# Dado in concrete?



## Bondo (Dec 8, 2007)

> I also thought the abrasive type of blades stacked up to get the desired thickness might be good, only it would require constant readjustment to keep the grooves at the desired depth since that type of blade wears away. Can anybody make a better suggestion?


Ayuh,.... Use a Diamond blade...


----------



## Daniel Holzman (Mar 10, 2009)

Do not stack blades, use a diamond blade as previously suggested, and make two passes using a saw guide. My diamond blade is about 1/8 inch diameter, so two passes makes 1/4 inch.


----------



## jomama45 (Nov 13, 2008)

Buy a diamond "tuckpointing" blade for a grinder or circular saw. No need to worry about consistency with one of these, and it should be around .220" thick, which will create about a 1/4" width by the time you run it through.
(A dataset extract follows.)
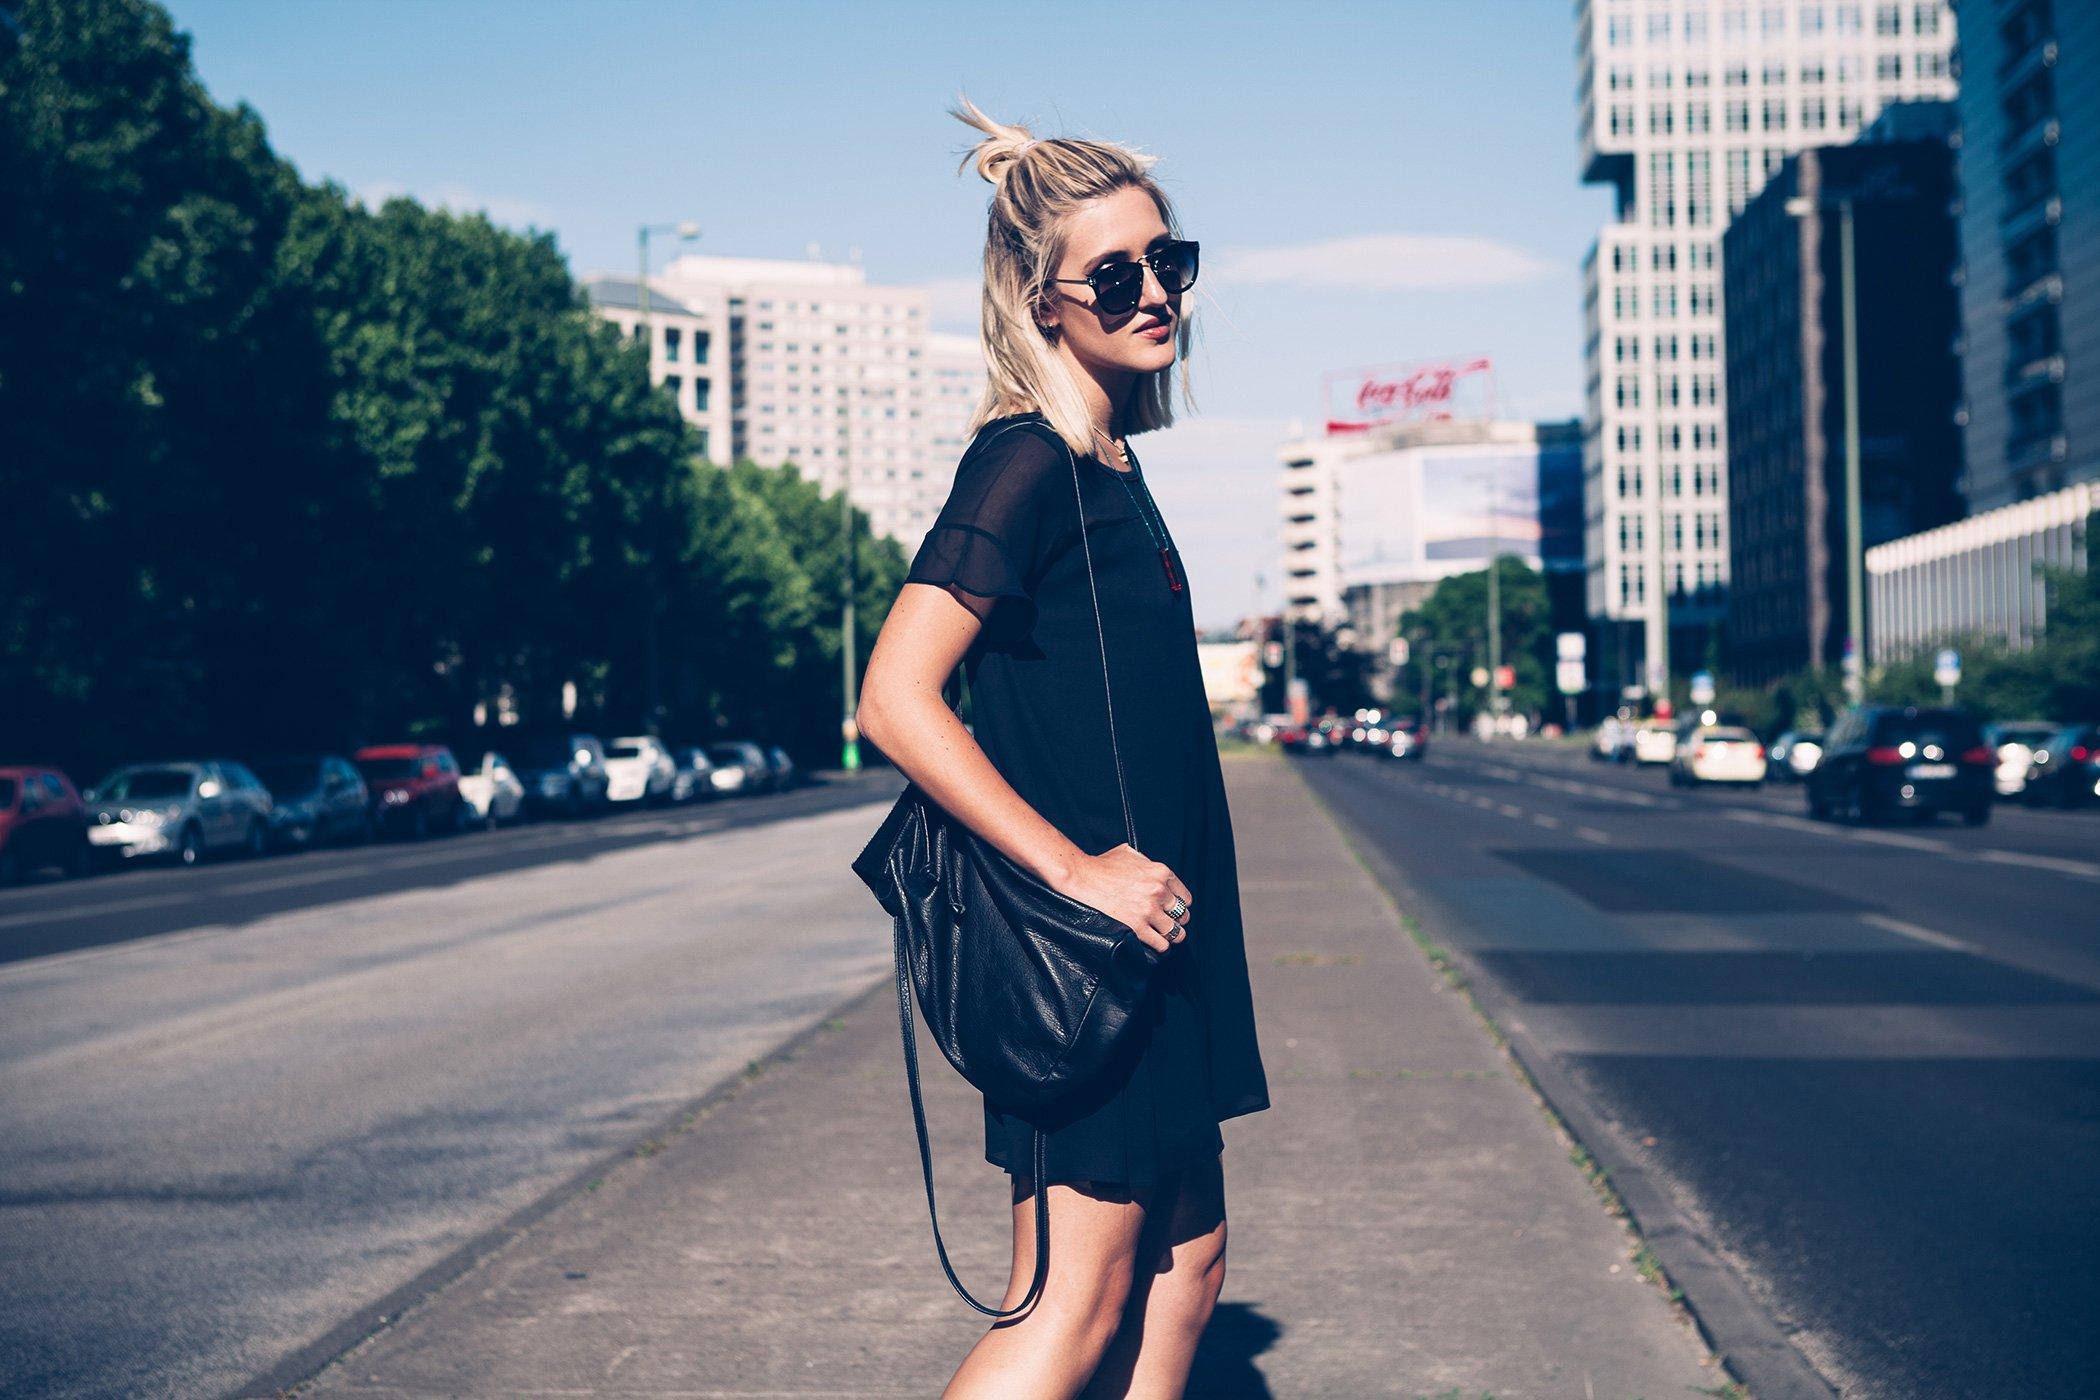 mikuta with a black dress

You should be able to find a 4.5" blade for less than $50.........


----------



## Bud Cline (Mar 12, 2006)

There are also segmented "crack chaser" blades available that are thicker than a typical diamond saw blade.


----------



## Zellarman (Dec 3, 2011)

Thanks Joemama and bud, looks like I'll be going that route. Will post my results.

12/30/2011 update - purchased a relatively inexpensive tuck pointing blade on eBay to fit my circular saw, and it worked perfectly, it cut fairly easily and looks as if the blade should last a reasonably long enough time

Thanks again for the suggestion


----------